Baron-Sort = 10 + 5N * (N-1) Kyle-Sort = 100000 + 50N * (log N)
Which is better? It sort of looks like Baron-Sort is better, doesn’t it? But that’s only because of the small constant factors. As the problem gets really big, the influence of those constant factors becomes asymptotically meaningless, and we can disregard them. So the real complexity of the algorithms is quite different. Simplifying and clarifying:
Baron-Sort = N * N Kyle-Sort = N * log N
To illustrate this graphically, let’s plot the two equations, constants and all. Here’s Baron-sort and Kyle-sort. Whoa, look, Kyle-sort is literally off the chart! Looks like Baron-sort is much better, right?
But what happens when we start sorting really large lists? Let’s zoom out.
Now we can see that although Kyle-sort starts out with much worse initial cost, it grows much more slowly.
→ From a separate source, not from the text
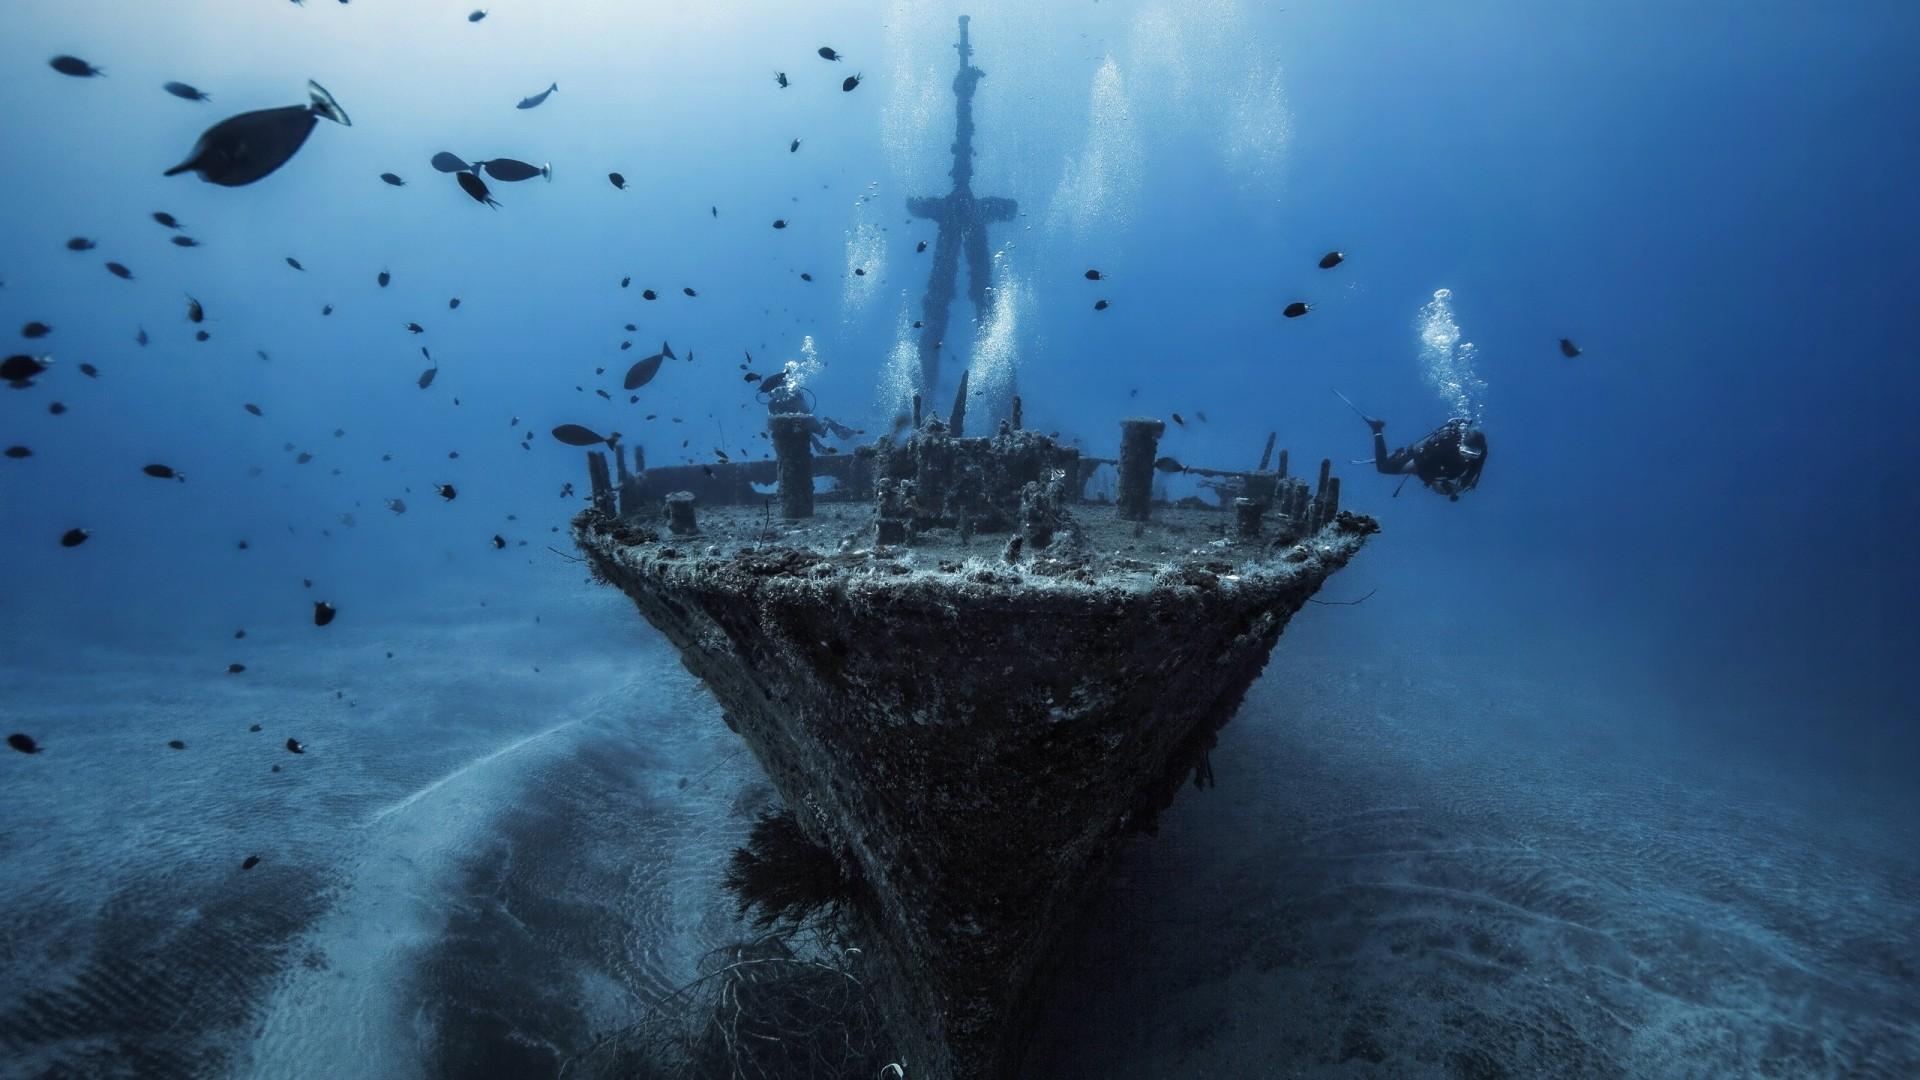 Затонувший корабль картинки на рабочий стол
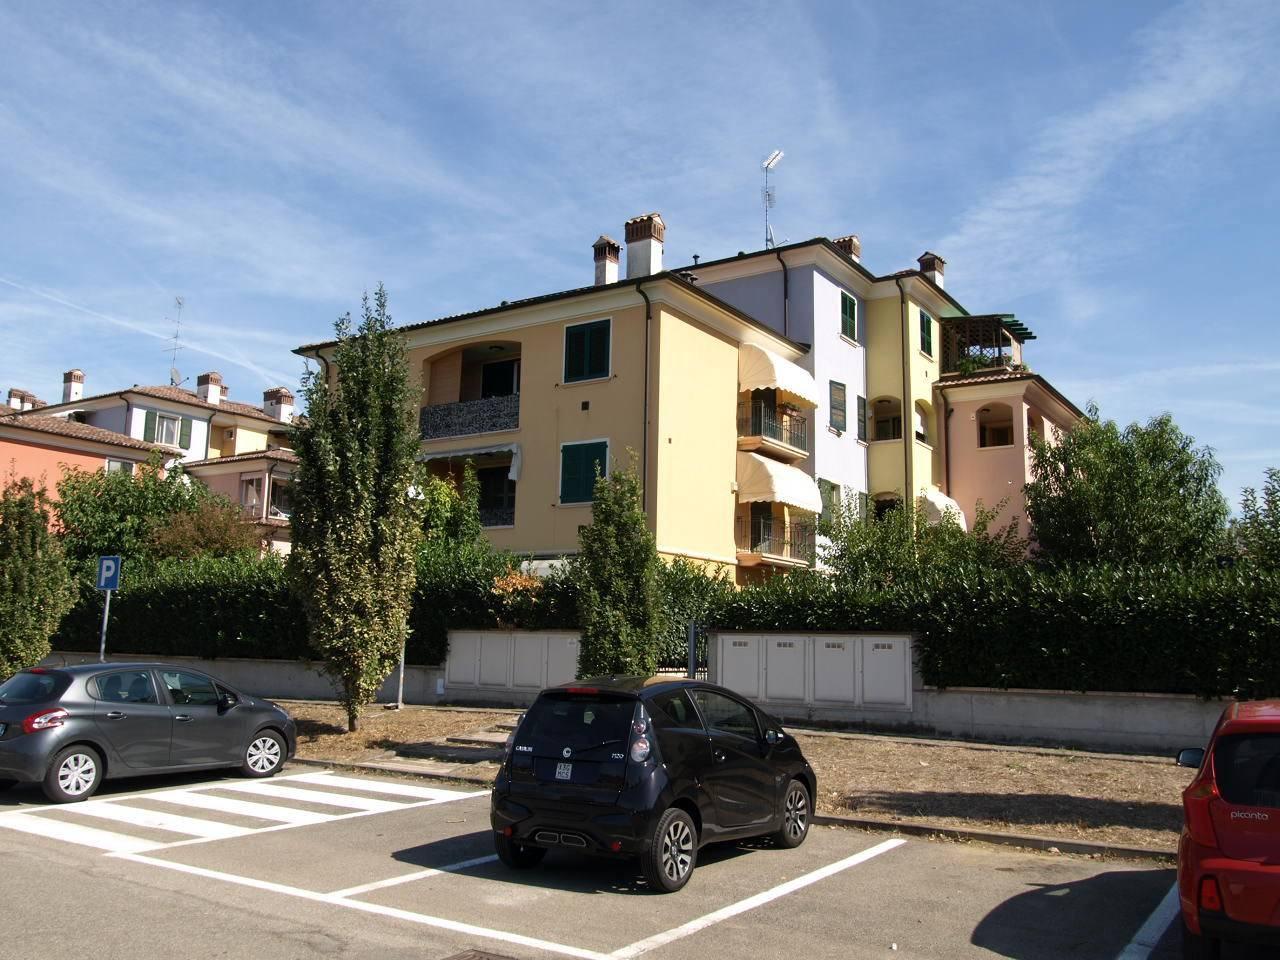 Appartamento in vendita a Vignola, 4 locali, prezzo € 179.000 | PortaleAgenzieImmobiliari.it

And that’s what Big-O notation is really about. Ignore the constant costs, and figure out what’ll grow fastest as the problem size grows. That cost eventually dominates in the long term,
no matter how big the constant factors are.
Here’s another example. If the equation for the cost of the algorithm is 100N^3 + 42N^2 + 2N, the fastest-growing component of that equation is all that matters. The algorithm is “order N cubed.” That’s all you need to know for Big-O notation.
Problem Complexity
Some problems have a built-in complexity, regardless of the algorithm used. For example, sorting again. We generally accept that the best any algorithm can ever do is O(N log N). Sorting itself is inherently that complex and can’t be made faster. So we can use Big-O notation to talk about the problem’s complexity as well as the complexity of solutions to the problem.
Big-O notation is really just a communication tool. It’s designed so that we can all shortcut the tedious and wordy explanations of how expensive an algorithm is and say, in the long run, it’s more or less about the same as some equation or other.
It’s a fairly blunt instrument in the real world, however. Many sort algorithms have best-case, ordinary-case, and worst-case behaviors. For example, a list that’s already sorted can be verified in a trivial O(N) operation. Constant factors and fixed setup costs matter, too. That’s because we’re usually not sorting infinitely large lists. Many systems use one algorithm or another because of specific costs that tend to be more or less for the problem domain most commonly seen, or other behaviors of the algorithms that may be desirable or undesirable.
But for dispensing with wordy discussions like the above, nothing beats “order N log N” as a way to quickly communicate a lot of the essence of a problem or algorithm. Hopefully this article helps you understand Big-O notation and/or explain it to someone else!